Problem to solve: Print out every line of the listing below without alteration.

───

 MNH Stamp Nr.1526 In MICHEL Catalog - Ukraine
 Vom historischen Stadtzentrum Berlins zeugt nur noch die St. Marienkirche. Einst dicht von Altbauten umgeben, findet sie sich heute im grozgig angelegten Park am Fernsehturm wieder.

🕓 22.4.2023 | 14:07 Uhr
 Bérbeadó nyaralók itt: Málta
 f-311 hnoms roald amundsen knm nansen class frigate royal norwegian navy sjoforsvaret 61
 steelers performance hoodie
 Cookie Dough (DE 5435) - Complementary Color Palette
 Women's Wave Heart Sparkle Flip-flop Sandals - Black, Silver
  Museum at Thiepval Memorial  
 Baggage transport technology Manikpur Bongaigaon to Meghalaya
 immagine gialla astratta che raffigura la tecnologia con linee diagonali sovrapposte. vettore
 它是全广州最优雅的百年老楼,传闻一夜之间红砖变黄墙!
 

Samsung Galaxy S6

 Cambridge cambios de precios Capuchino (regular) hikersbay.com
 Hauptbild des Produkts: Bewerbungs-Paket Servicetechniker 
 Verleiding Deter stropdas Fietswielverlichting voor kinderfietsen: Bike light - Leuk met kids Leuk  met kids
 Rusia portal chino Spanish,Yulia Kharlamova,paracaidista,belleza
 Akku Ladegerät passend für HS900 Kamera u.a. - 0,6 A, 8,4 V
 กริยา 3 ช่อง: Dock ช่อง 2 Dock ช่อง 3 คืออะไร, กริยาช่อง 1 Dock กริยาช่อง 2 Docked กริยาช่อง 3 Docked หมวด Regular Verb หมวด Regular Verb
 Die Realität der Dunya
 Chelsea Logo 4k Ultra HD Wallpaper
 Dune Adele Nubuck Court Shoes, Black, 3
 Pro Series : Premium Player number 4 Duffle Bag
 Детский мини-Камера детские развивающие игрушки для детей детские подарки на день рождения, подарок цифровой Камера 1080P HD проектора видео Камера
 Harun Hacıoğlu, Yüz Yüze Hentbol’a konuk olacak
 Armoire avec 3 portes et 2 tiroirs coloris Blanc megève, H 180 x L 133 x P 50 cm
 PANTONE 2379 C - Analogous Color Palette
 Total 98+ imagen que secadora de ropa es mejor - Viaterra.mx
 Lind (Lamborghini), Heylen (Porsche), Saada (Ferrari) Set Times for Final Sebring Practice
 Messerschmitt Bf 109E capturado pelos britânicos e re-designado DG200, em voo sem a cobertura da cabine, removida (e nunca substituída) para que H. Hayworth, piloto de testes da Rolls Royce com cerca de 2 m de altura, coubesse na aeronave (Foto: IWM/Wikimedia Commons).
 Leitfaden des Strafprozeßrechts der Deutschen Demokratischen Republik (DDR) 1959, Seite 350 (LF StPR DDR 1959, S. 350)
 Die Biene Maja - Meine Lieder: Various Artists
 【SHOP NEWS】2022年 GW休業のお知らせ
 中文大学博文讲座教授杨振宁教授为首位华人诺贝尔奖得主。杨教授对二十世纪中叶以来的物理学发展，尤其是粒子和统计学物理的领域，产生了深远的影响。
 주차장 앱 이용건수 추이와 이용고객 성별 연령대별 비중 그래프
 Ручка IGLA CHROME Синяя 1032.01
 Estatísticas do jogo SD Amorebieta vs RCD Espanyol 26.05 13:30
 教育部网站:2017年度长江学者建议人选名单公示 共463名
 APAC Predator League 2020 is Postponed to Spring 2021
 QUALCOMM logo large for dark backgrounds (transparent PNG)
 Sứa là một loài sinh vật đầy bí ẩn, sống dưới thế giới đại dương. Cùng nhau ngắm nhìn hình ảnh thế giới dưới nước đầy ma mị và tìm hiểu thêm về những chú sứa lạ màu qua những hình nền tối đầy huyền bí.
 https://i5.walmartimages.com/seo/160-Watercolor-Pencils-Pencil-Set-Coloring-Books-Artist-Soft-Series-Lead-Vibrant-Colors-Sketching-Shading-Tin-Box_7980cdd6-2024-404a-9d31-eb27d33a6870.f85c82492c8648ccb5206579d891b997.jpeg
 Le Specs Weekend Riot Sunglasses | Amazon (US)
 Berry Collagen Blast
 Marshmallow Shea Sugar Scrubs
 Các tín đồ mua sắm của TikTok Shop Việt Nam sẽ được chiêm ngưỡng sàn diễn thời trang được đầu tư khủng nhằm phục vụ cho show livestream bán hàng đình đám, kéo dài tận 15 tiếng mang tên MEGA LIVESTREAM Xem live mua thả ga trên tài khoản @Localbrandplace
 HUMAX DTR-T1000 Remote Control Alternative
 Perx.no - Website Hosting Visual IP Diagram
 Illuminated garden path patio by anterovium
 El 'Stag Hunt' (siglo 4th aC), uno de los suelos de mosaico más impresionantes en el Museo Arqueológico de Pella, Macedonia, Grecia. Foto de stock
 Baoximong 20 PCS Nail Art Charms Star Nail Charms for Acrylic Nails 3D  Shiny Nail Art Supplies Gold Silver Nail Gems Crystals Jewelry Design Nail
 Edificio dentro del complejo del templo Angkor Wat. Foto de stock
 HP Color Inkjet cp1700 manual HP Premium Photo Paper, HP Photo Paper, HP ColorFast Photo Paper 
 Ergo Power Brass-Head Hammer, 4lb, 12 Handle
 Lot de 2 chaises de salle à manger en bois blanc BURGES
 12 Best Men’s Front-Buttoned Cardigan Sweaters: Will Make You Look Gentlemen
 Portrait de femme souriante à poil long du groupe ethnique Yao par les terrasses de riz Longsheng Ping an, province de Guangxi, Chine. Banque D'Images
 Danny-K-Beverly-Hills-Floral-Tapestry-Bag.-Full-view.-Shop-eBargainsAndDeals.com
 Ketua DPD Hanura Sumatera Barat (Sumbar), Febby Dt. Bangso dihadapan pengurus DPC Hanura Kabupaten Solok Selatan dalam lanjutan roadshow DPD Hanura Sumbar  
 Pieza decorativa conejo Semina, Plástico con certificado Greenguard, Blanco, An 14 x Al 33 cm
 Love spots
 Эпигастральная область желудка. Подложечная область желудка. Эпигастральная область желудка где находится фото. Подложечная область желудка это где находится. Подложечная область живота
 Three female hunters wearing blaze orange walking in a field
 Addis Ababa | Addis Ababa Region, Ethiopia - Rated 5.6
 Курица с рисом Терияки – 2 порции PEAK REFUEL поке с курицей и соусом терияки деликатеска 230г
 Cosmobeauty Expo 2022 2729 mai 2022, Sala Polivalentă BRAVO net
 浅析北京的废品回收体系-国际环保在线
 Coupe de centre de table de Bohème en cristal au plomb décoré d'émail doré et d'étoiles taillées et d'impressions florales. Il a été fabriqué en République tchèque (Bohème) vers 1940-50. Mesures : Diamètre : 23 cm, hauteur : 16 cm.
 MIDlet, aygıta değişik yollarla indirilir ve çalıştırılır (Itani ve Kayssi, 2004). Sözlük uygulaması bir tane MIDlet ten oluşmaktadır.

───

Finished exercise:
 MNH Stamp Nr.1526 In MICHEL Catalog - Ukraine
 Vom historischen Stadtzentrum Berlins zeugt nur noch die St. Marienkirche. Einst dicht von Altbauten umgeben, findet sie sich heute im grozgig angelegten Park am Fernsehturm wieder.

🕓 22.4.2023 | 14:07 Uhr
 Bérbeadó nyaralók itt: Málta
 f-311 hnoms roald amundsen knm nansen class frigate royal norwegian navy sjoforsvaret 61
 steelers performance hoodie
 Cookie Dough (DE 5435) - Complementary Color Palette
 Women's Wave Heart Sparkle Flip-flop Sandals - Black, Silver
  Museum at Thiepval Memorial  
 Baggage transport technology Manikpur Bongaigaon to Meghalaya
 immagine gialla astratta che raffigura la tecnologia con linee diagonali sovrapposte. vettore
 它是全广州最优雅的百年老楼,传闻一夜之间红砖变黄墙!
 

Samsung Galaxy S6

 Cambridge cambios de precios Capuchino (regular) hikersbay.com
 Hauptbild des Produkts: Bewerbungs-Paket Servicetechniker 
 Verleiding Deter stropdas Fietswielverlichting voor kinderfietsen: Bike light - Leuk met kids Leuk  met kids
 Rusia portal chino Spanish,Yulia Kharlamova,paracaidista,belleza
 Akku Ladegerät passend für HS900 Kamera u.a. - 0,6 A, 8,4 V
 กริยา 3 ช่อง: Dock ช่อง 2 Dock ช่อง 3 คืออะไร, กริยาช่อง 1 Dock กริยาช่อง 2 Docked กริยาช่อง 3 Docked หมวด Regular Verb หมวด Regular Verb
 Die Realität der Dunya
 Chelsea Logo 4k Ultra HD Wallpaper
 Dune Adele Nubuck Court Shoes, Black, 3
 Pro Series : Premium Player number 4 Duffle Bag
 Детский мини-Камера детские развивающие игрушки для детей детские подарки на день рождения, подарок цифровой Камера 1080P HD проектора видео Камера
 Harun Hacıoğlu, Yüz Yüze Hentbol’a konuk olacak
 Armoire avec 3 portes et 2 tiroirs coloris Blanc megève, H 180 x L 133 x P 50 cm
 PANTONE 2379 C - Analogous Color Palette
 Total 98+ imagen que secadora de ropa es mejor - Viaterra.mx
 Lind (Lamborghini), Heylen (Porsche), Saada (Ferrari) Set Times for Final Sebring Practice
 Messerschmitt Bf 109E capturado pelos britânicos e re-designado DG200, em voo sem a cobertura da cabine, removida (e nunca substituída) para que H. Hayworth, piloto de testes da Rolls Royce com cerca de 2 m de altura, coubesse na aeronave (Foto: IWM/Wikimedia Commons).
 Leitfaden des Strafprozeßrechts der Deutschen Demokratischen Republik (DDR) 1959, Seite 350 (LF StPR DDR 1959, S. 350)
 Die Biene Maja - Meine Lieder: Various Artists
 【SHOP NEWS】2022年 GW休業のお知らせ
 中文大学博文讲座教授杨振宁教授为首位华人诺贝尔奖得主。杨教授对二十世纪中叶以来的物理学发展，尤其是粒子和统计学物理的领域，产生了深远的影响。
 주차장 앱 이용건수 추이와 이용고객 성별 연령대별 비중 그래프
 Ручка IGLA CHROME Синяя 1032.01
 Estatísticas do jogo SD Amorebieta vs RCD Espanyol 26.05 13:30
 教育部网站:2017年度长江学者建议人选名单公示 共463名
 APAC Predator League 2020 is Postponed to Spring 2021
 QUALCOMM logo large for dark backgrounds (transparent PNG)
 Sứa là một loài sinh vật đầy bí ẩn, sống dưới thế giới đại dương. Cùng nhau ngắm nhìn hình ảnh thế giới dưới nước đầy ma mị và tìm hiểu thêm về những chú sứa lạ màu qua những hình nền tối đầy huyền bí.
 https://i5.walmartimages.com/seo/160-Watercolor-Pencils-Pencil-Set-Coloring-Books-Artist-Soft-Series-Lead-Vibrant-Colors-Sketching-Shading-Tin-Box_7980cdd6-2024-404a-9d31-eb27d33a6870.f85c82492c8648ccb5206579d891b997.jpeg
 Le Specs Weekend Riot Sunglasses | Amazon (US)
 Berry Collagen Blast
 Marshmallow Shea Sugar Scrubs
 Các tín đồ mua sắm của TikTok Shop Việt Nam sẽ được chiêm ngưỡng sàn diễn thời trang được đầu tư khủng nhằm phục vụ cho show livestream bán hàng đình đám, kéo dài tận 15 tiếng mang tên MEGA LIVESTREAM Xem live mua thả ga trên tài khoản @Localbrandplace
 HUMAX DTR-T1000 Remote Control Alternative
 Perx.no - Website Hosting Visual IP Diagram
 Illuminated garden path patio by anterovium
 El 'Stag Hunt' (siglo 4th aC), uno de los suelos de mosaico más impresionantes en el Museo Arqueológico de Pella, Macedonia, Grecia. Foto de stock
 Baoximong 20 PCS Nail Art Charms Star Nail Charms for Acrylic Nails 3D  Shiny Nail Art Supplies Gold Silver Nail Gems Crystals Jewelry Design Nail
 Edificio dentro del complejo del templo Angkor Wat. Foto de stock
 HP Color Inkjet cp1700 manual HP Premium Photo Paper, HP Photo Paper, HP ColorFast Photo Paper 
 Ergo Power Brass-Head Hammer, 4lb, 12 Handle
 Lot de 2 chaises de salle à manger en bois blanc BURGES
 12 Best Men’s Front-Buttoned Cardigan Sweaters: Will Make You Look Gentlemen
 Portrait de femme souriante à poil long du groupe ethnique Yao par les terrasses de riz Longsheng Ping an, province de Guangxi, Chine. Banque D'Images
 Danny-K-Beverly-Hills-Floral-Tapestry-Bag.-Full-view.-Shop-eBargainsAndDeals.com
 Ketua DPD Hanura Sumatera Barat (Sumbar), Febby Dt. Bangso dihadapan pengurus DPC Hanura Kabupaten Solok Selatan dalam lanjutan roadshow DPD Hanura Sumbar  
 Pieza decorativa conejo Semina, Plástico con certificado Greenguard, Blanco, An 14 x Al 33 cm
 Love spots
 Эпигастральная область желудка. Подложечная область желудка. Эпигастральная область желудка где находится фото. Подложечная область желудка это где находится. Подложечная область живота
 Three female hunters wearing blaze orange walking in a field
 Addis Ababa | Addis Ababa Region, Ethiopia - Rated 5.6
 Курица с рисом Терияки – 2 порции PEAK REFUEL поке с курицей и соусом терияки деликатеска 230г
 Cosmobeauty Expo 2022 2729 mai 2022, Sala Polivalentă BRAVO net
 浅析北京的废品回收体系-国际环保在线
 Coupe de centre de table de Bohème en cristal au plomb décoré d'émail doré et d'étoiles taillées et d'impressions florales. Il a été fabriqué en République tchèque (Bohème) vers 1940-50. Mesures : Diamètre : 23 cm, hauteur : 16 cm.
 MIDlet, aygıta değişik yollarla indirilir ve çalıştırılır (Itani ve Kayssi, 2004). Sözlük uygulaması bir tane MIDlet ten oluşmaktadır.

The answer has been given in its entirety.